▸ **Task inputs**
***
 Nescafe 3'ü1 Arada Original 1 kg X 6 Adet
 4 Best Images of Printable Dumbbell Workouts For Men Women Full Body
***
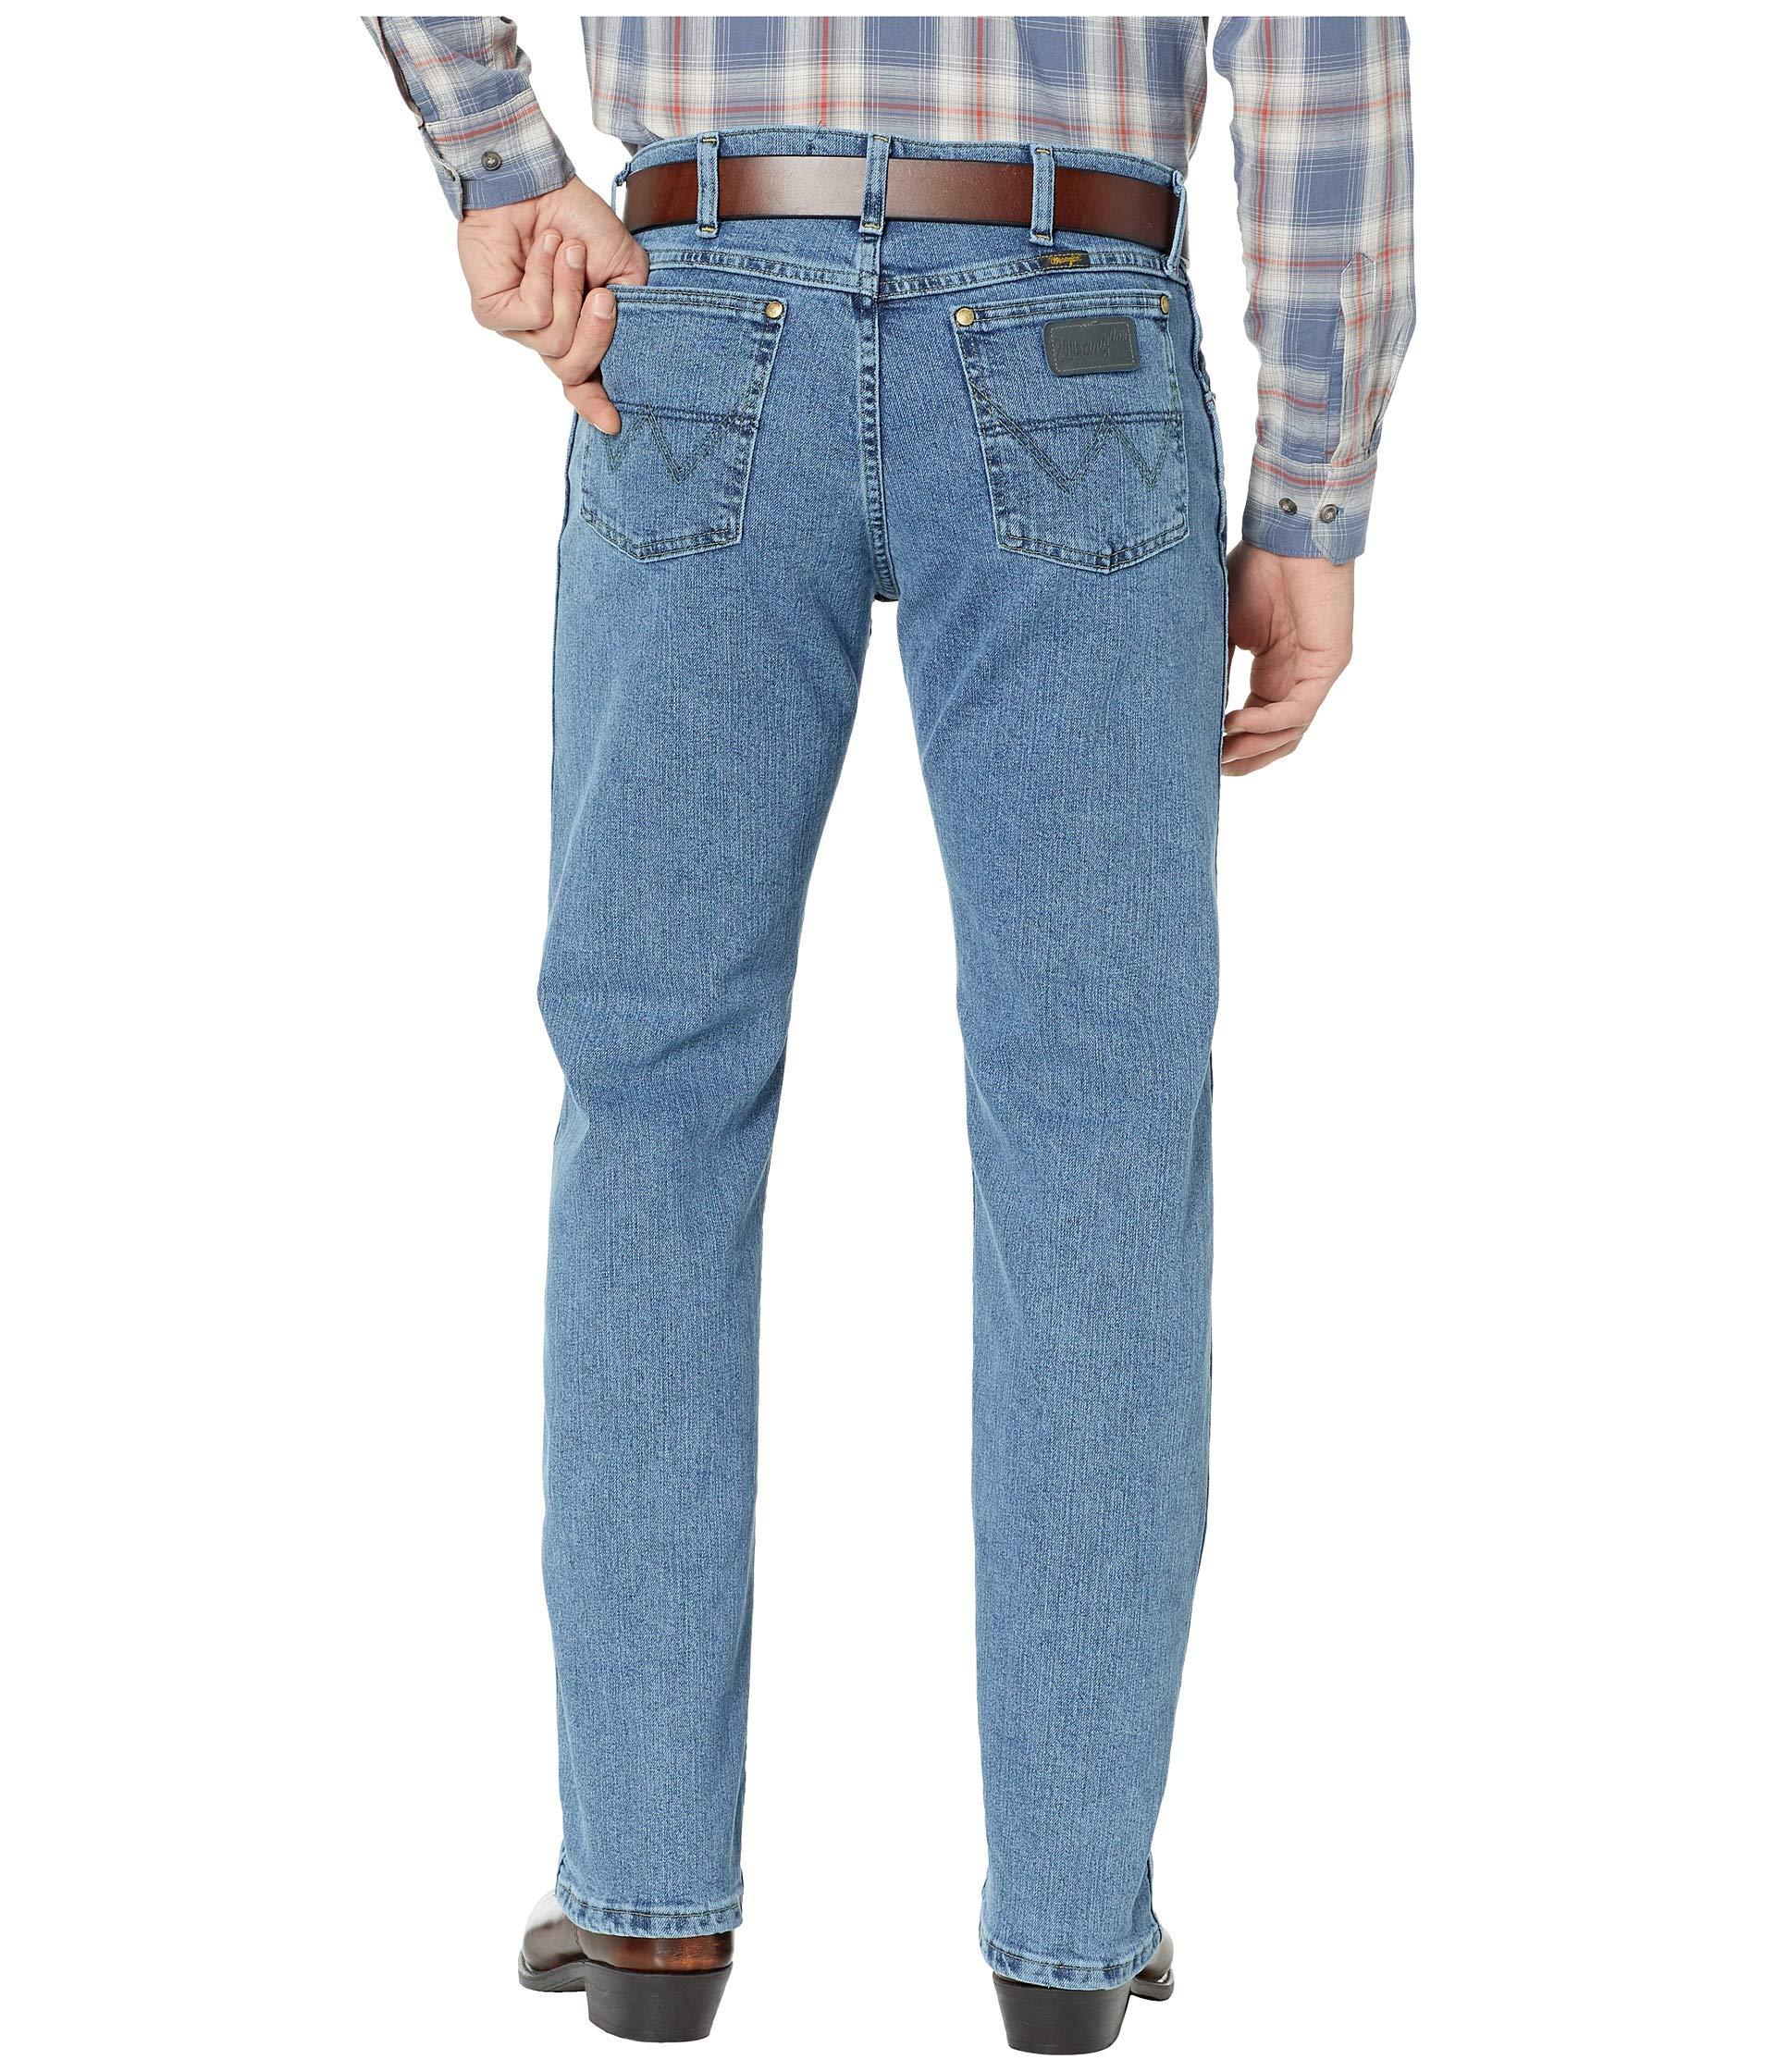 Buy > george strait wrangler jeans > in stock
***
▸ **Your goal**
Restate word for word the entries above, starting at the line with "Nescafe 3'ü1 Arada Original 1 kg X 6 Adet" and ending at the line with "4 Best Images", inclusive, and no others.

▸ **Solution below**
 Nescafe 3'ü1 Arada Original 1 kg X 6 Adet
 4 Best Images of Printable Dumbbell Workouts For Men Women Full Body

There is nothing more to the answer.